Mr Blair also echoed one of the arguments made by Baroness Thatcher in defence of her programme of rolling privatisation - that having initially resisted change, people learned to appreciate the benefits.

"It is important to realise," he said, "that in all the changes that we have ever made over the past few years, there have been people that have opposed it, and some of those people later have come round to see why it was the right thing to do, and I believe that that is the case again."

Jack Straw, the Home Secretary, last night cited the charges of betrayal that had greeted the expulsion of Militant Trotskyists from the party in the 1980s, and the revision of Clause 4 of the party constitution. "Reforms which were criticised as reckless or revolutionary soon became the received wisdom...

"The Welfare to Work programme will create real opportunities for those on benefits and without work. It is not just about changes in cash transfers but in the whole psychological climate of dependence and low self-esteem.

"Because we are doing things for the first time and inevitably making some difficult decisions, some are bound to find the process uncomfortable. But when this great programme takes effect, the most common question will be: Why did we not act even sooner?"

But with ministers telling The Independent that a cut in industrial injuries benefit can be expected, Lord Ashley, Labour's leading campaigner for the disabled, warned against any cuts in disability benefits.

He told the Sky News programme, Sunday with Adam Boulton: "I have received messages from Members of Parliament who say to me that they voted with the Government on the lone parents issue with an uneasy conscience; they've said that they support me very strongly on no cuts; and if cuts are brought in, then they will now vote against the Government.

"So that's a clear warning to the Government: they may have won on lone parents but they will not win, in my view, on cutting disability benefits."

Mr Blair said: "No one is talking about taking away benefits from those who need it." Lord Ashley said the key phrase, "for those who need it", left the way open to the taxation of benefits, and means testing. "So what I am seeking now is the specific, unambiguous statement of no cuts in disability benefits for individuals," he said.

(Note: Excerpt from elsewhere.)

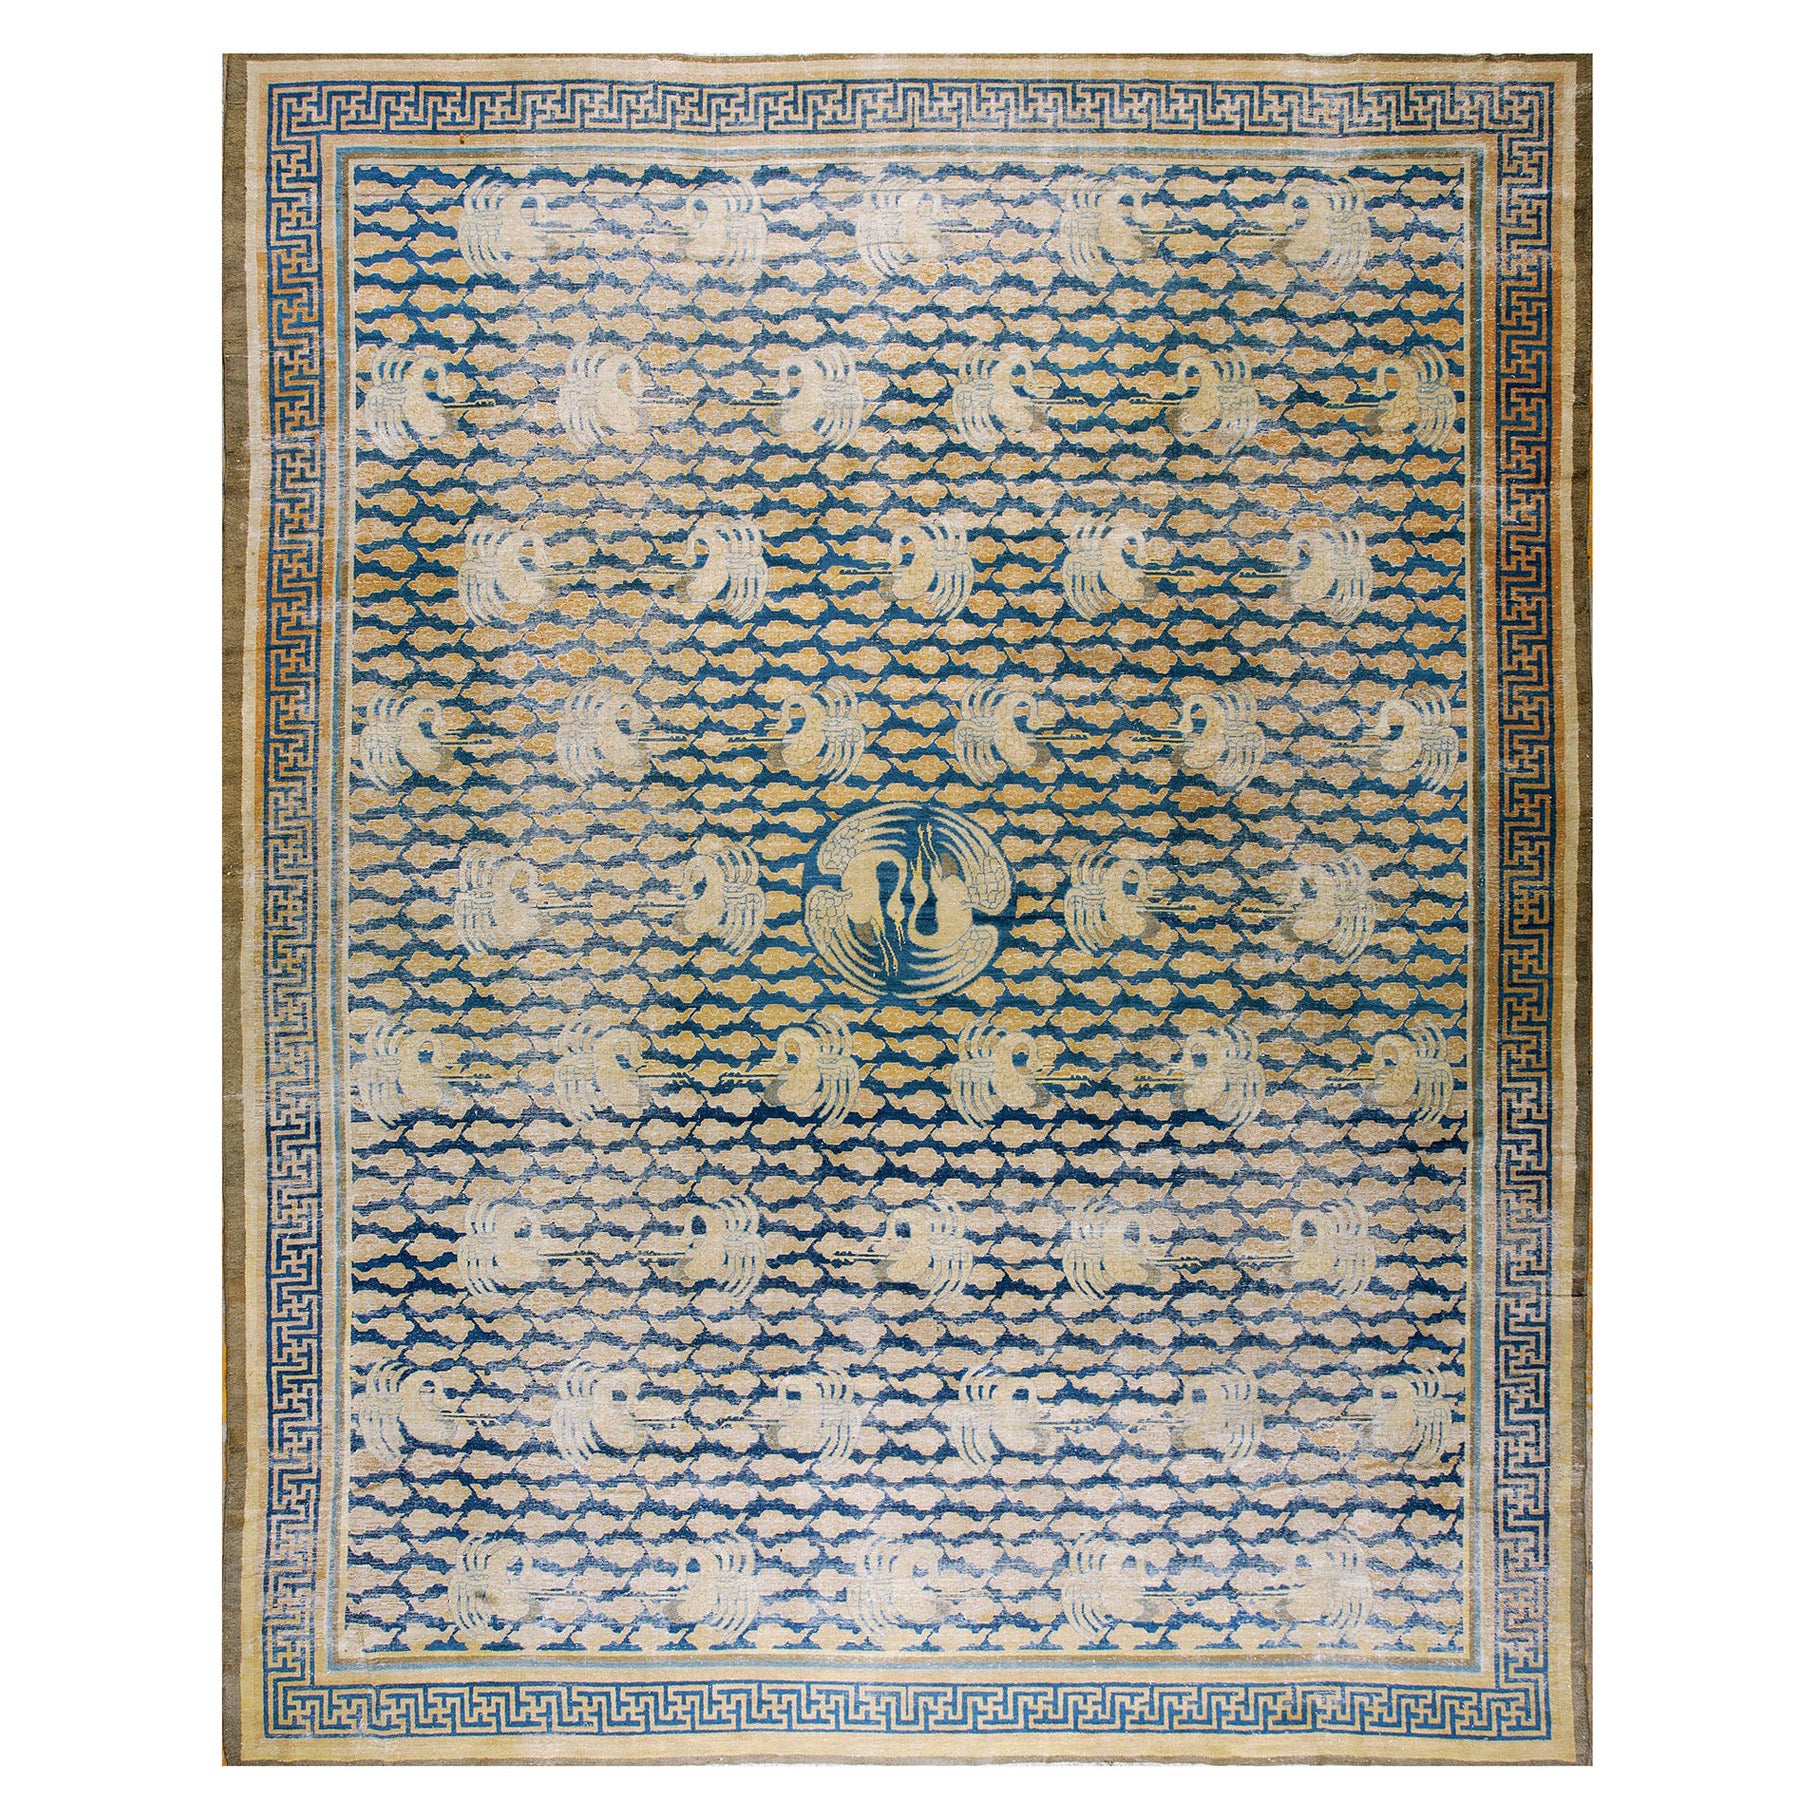 Late 19th Century Chinese Carpet ( 11'6'' x 14'6'' - 350 x 442 )

On present form, that will not be forthcoming.

William Hague yesterday added to the chances of a Government defeat when he said the Tories would also vote against cuts in disability benefits.

"If they were to, for instance, attack Disability Living Allowance, which is one of the proposals we understand is under consideration, the Conservative Party would certainly oppose that," the Tory leader told the BBC World this Weekend programme.